James Bopp, Jr., and Richard E. Coleson are attorneys with The Bopp Law Firm, PC.

The topic is how Supreme Court jurisprudence on “reproductive rights” might change if a “conservative nominee” succeeds Justice Antonin Scalia. We focus on abortion jurisprudence because that was at issue in Whole Woman’s Health v. Heller­stedt and other “reproductive rights” are less litigated. We understand “conservative” to mean having Scalia’s judicial philosophy.

While current Court members remain and the “undue burden” test reigns, a conservative successor would change the outcome of an abortion case where Justice Anthony Kennedy (i) sees no undue burden and (ii) is the swing vote. For example, in Stenberg v. Carhart, Kennedy saw no undue burden but was not the swing vote, being with Scalia in the five-four dissent against striking Nebraska’s partial-birth-abortion ban. In Gonzales v. Carhart, Kennedy saw no undue burden and was the swing vote, so he wrote a five-four opinion upholding a federal partial-birth-abortion ban.
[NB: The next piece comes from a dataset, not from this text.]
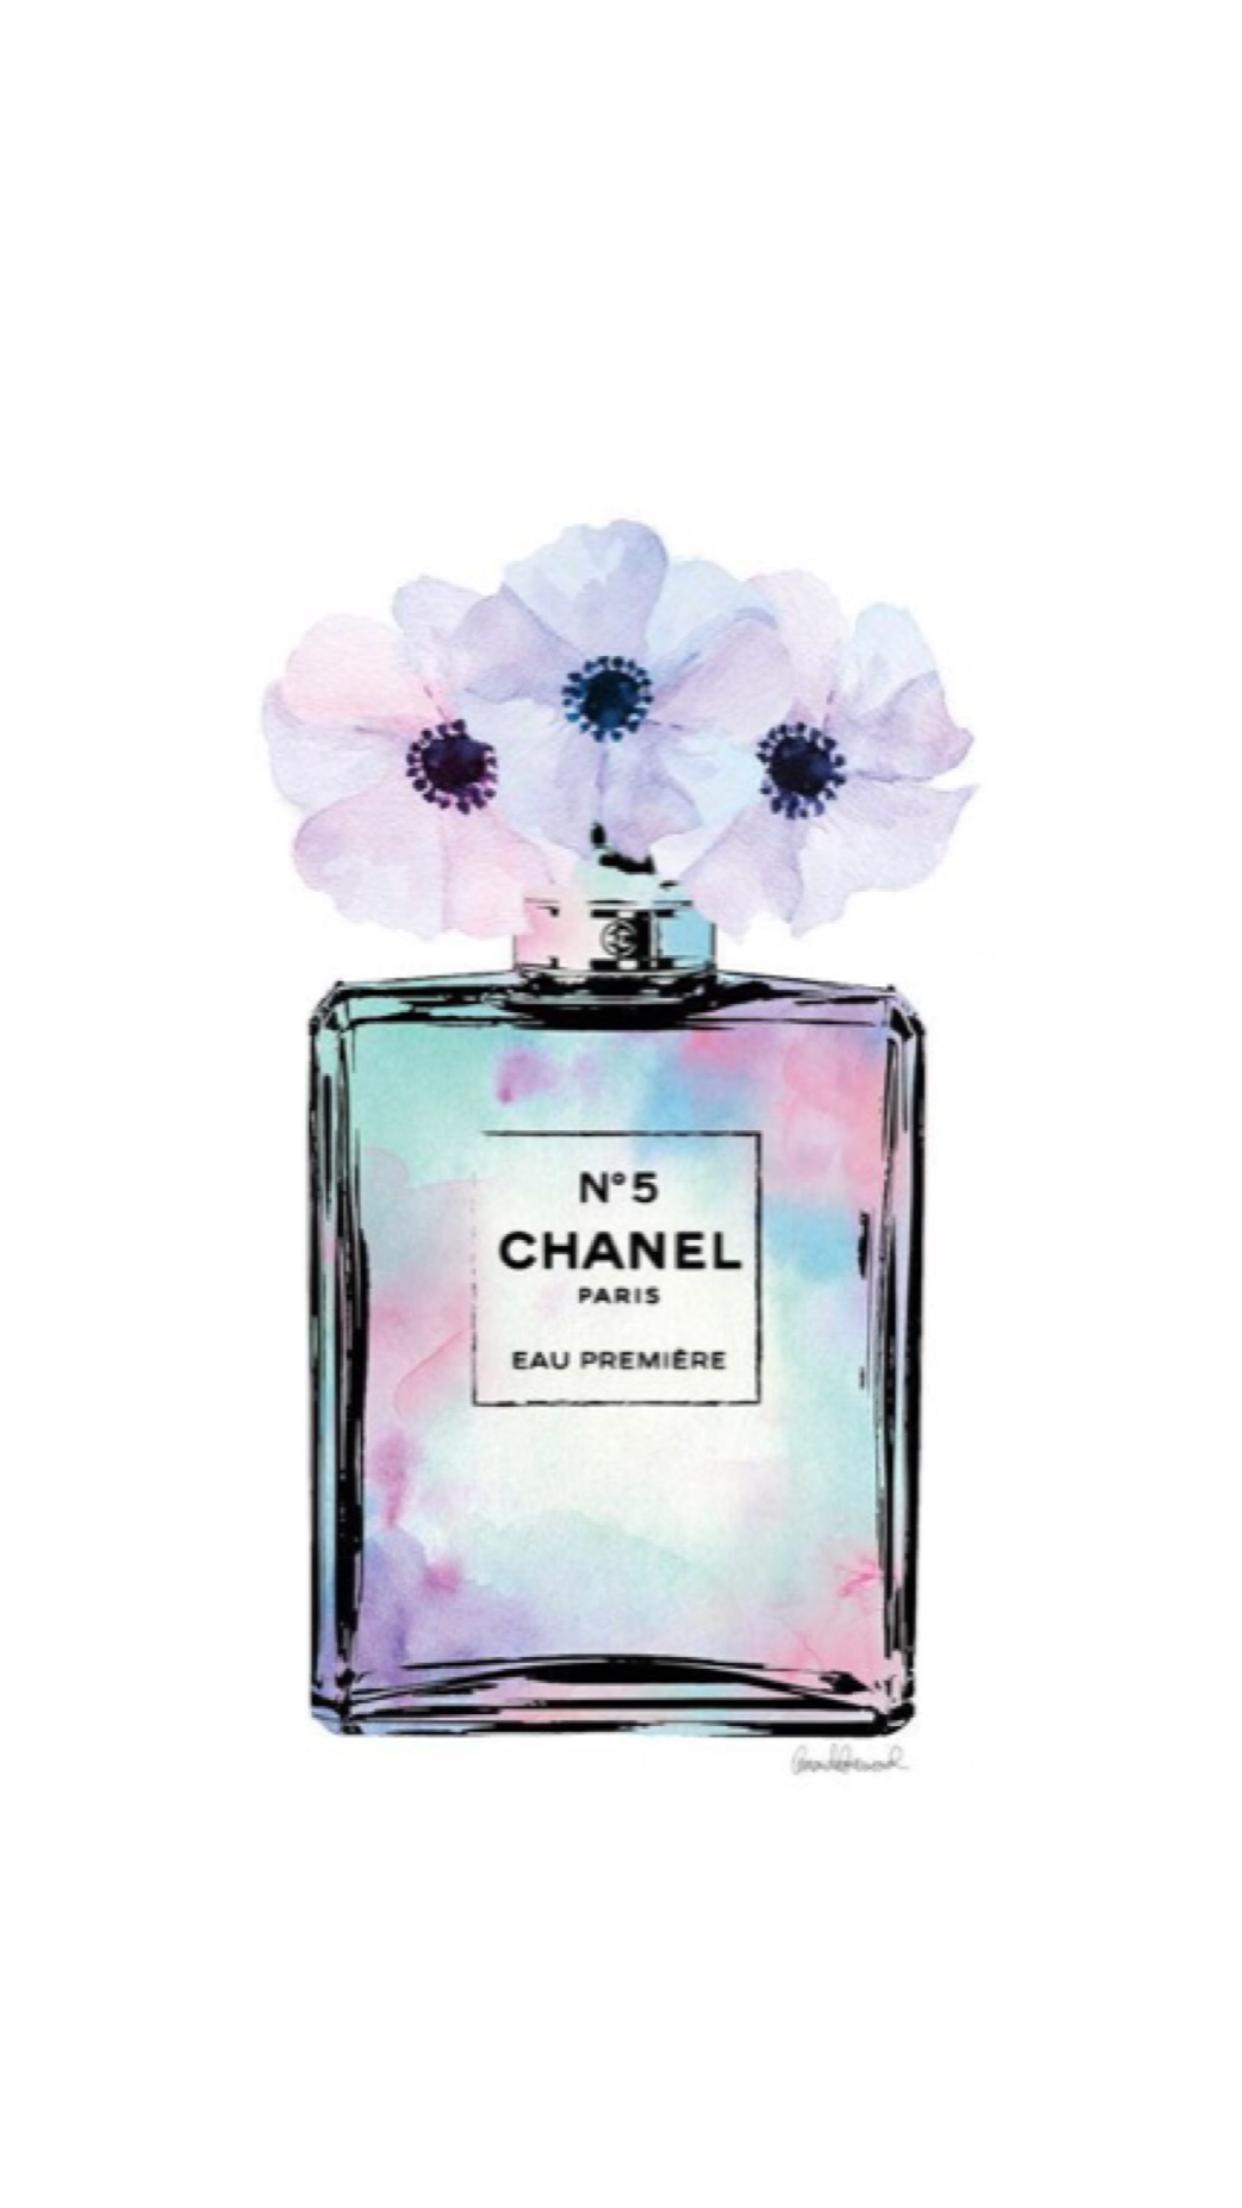 Pin By Outfits De Moda On Wallpapers Vol 41 Perfume Bottles Chanel Art Perfume Art

In Hellerstedt, Kennedy saw an undue burden and was the swing vote, so he joined a five-three opinion striking Texas’s regulation of abortionists and abortion clinics.

But vote tallies and swing-vote roles change as members change. Given expected changes, a conservative successor is needed to sooner achieve a majority to stop the abortion-distortion effect, whereby the Constitution and normal rules of law are bent to protect abortion as a super-right. Conservative advocates on the Court are also needed to persuade peers because members change sides, as Chief Justice Warren Burger did in Thornburgh v. American College of Obstetricians and Gynecologists, and create new tests, as Justices David Souter, Sandra Day O’Connor, and Kennedy did with the undue-burden test in Planned Parenthood of Southeastern Pennsylvania v. Casey. Even in dissent, conservative members may help temper the abortion-distortion effect by identifying it, requiring attempted justification by the majority.
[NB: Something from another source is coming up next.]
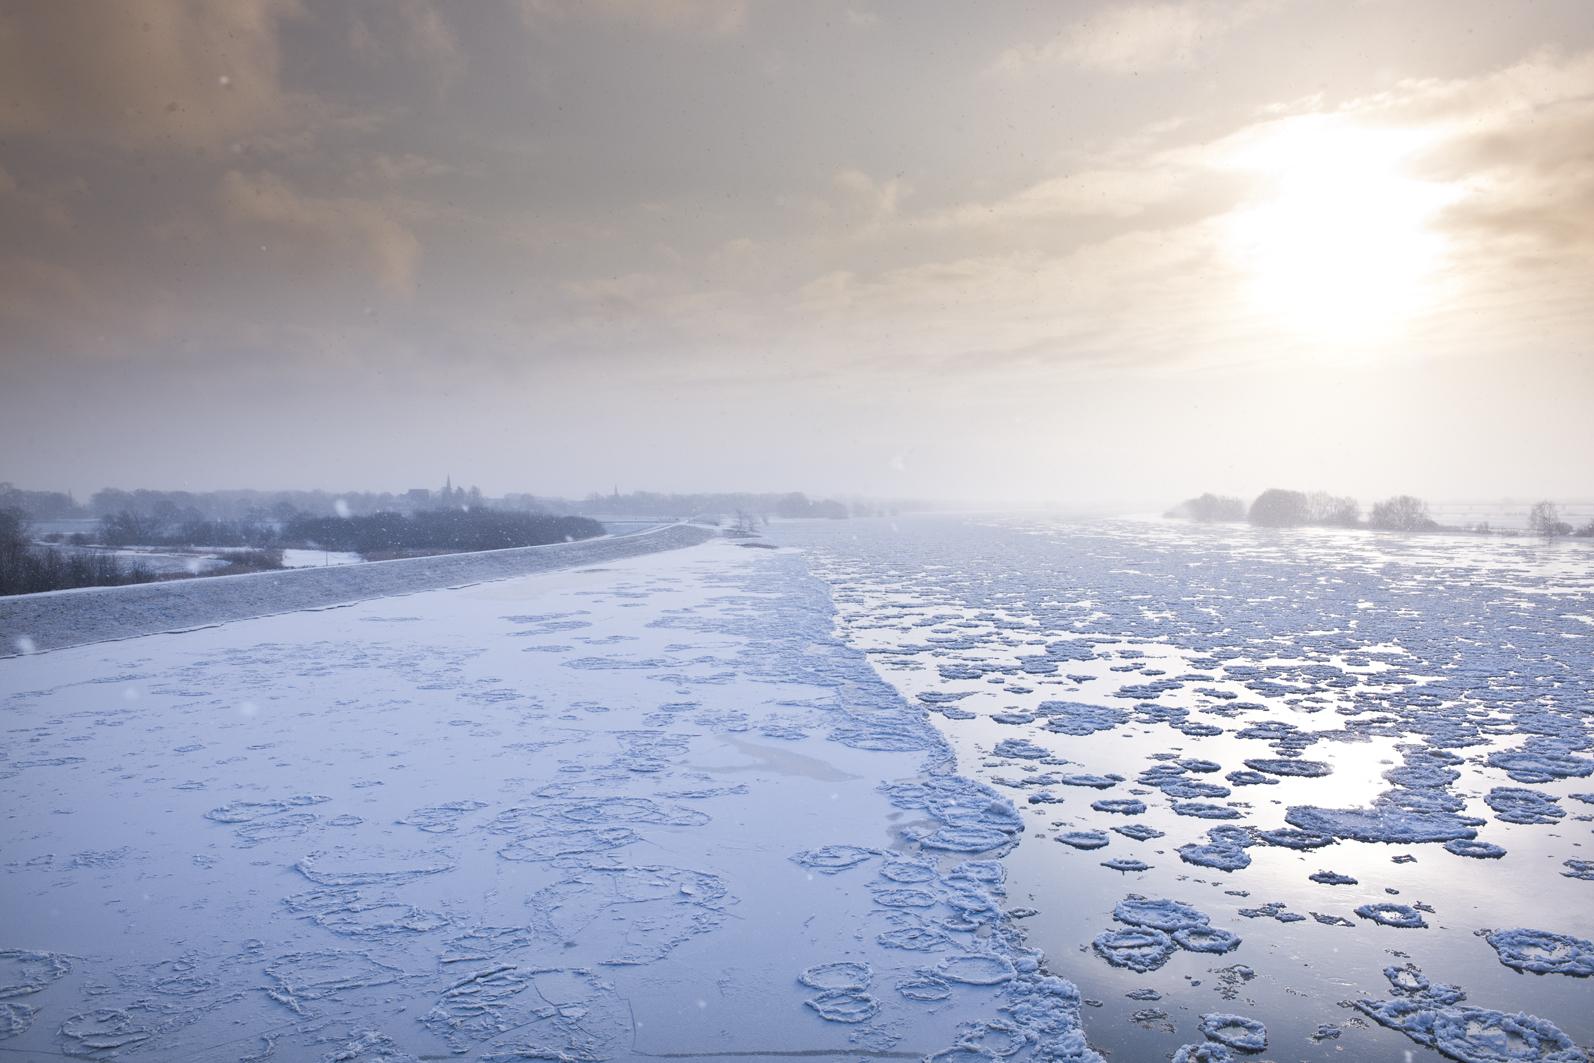 Dömitz_Mecklenburgisches_Elbetal_Elbe_Winter_Schnee_Eis-1614

A true “conservative” successor would have Justice Scalia’s judicial philosophy. Scalia provided key features in his 1989 essay, The Rule of Law as a Law of Rules, exploring the “dichotomy between ‘general rule of law’ and ‘personal discretion to do justice.’” He quoted Aristotle’s advocacy for rule of law as a law of general rules, as follows:

Rightly constituted laws should be the final sovereign; and personal rule, whether it be exercised by a single person or a body of persons, should be sovereign only in those matters on which law is unable, owing to the difficulty of framing general rules for all contingencies, to make an exact pronouncement.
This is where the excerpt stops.